Multiplex Write for Us
Multiplexing is a way of sending multiple signals or information streams over a shared communication medium at the same time. Thus, it sends a single complex password that the receiver recovers and separates in a process called demultiplexing.
Networks use multiplexing for two reasons:
Any network device can talk to any other network device without having to dedicate a connection for each pair.

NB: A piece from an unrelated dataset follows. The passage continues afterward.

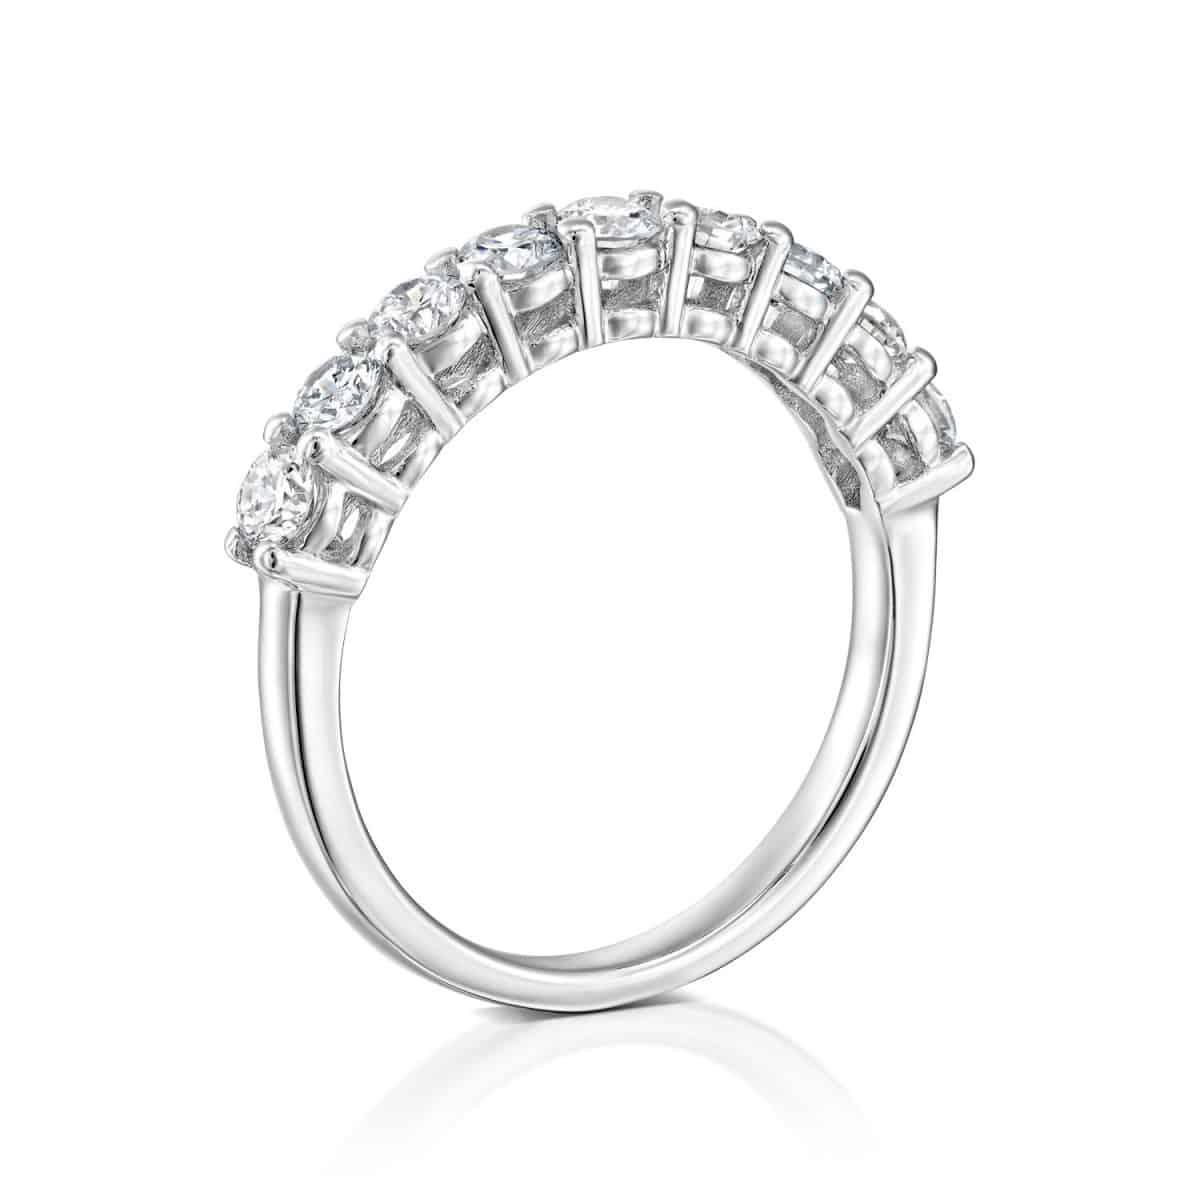 Inlay Lab Grown Diamond Engagement Ring 0.85ct. - standing

To cut costs by maximizing the service of an expensive resource. For example, to send many signals on each cable or fiber that runs between major metropolitan areas or through a satellite uplink.
Each packet (cluster) of signals is a multiplex.
Several television channels can share the same multiplex (same frequency band).
Multiple phone calls can share a single wire.
Types of multiplexing
Multiplexing originated as a telegraphy method (1870) and is widely present in all telecommunications today. A machine that performs multiplexing is a multiplexer or MUX. A machine that serves the reverse operation is a demultiplexer, DEMUX, or DMX.
In analog radio transmission, signals multiplexes using frequency division multiplexing (FDM). A communications link’s bandwidth is divided into subchannels of different frequency widths, each carrying one signal simultaneously. Analog cable television works in the same way, sending multiple material channels over the same coaxial cable strands.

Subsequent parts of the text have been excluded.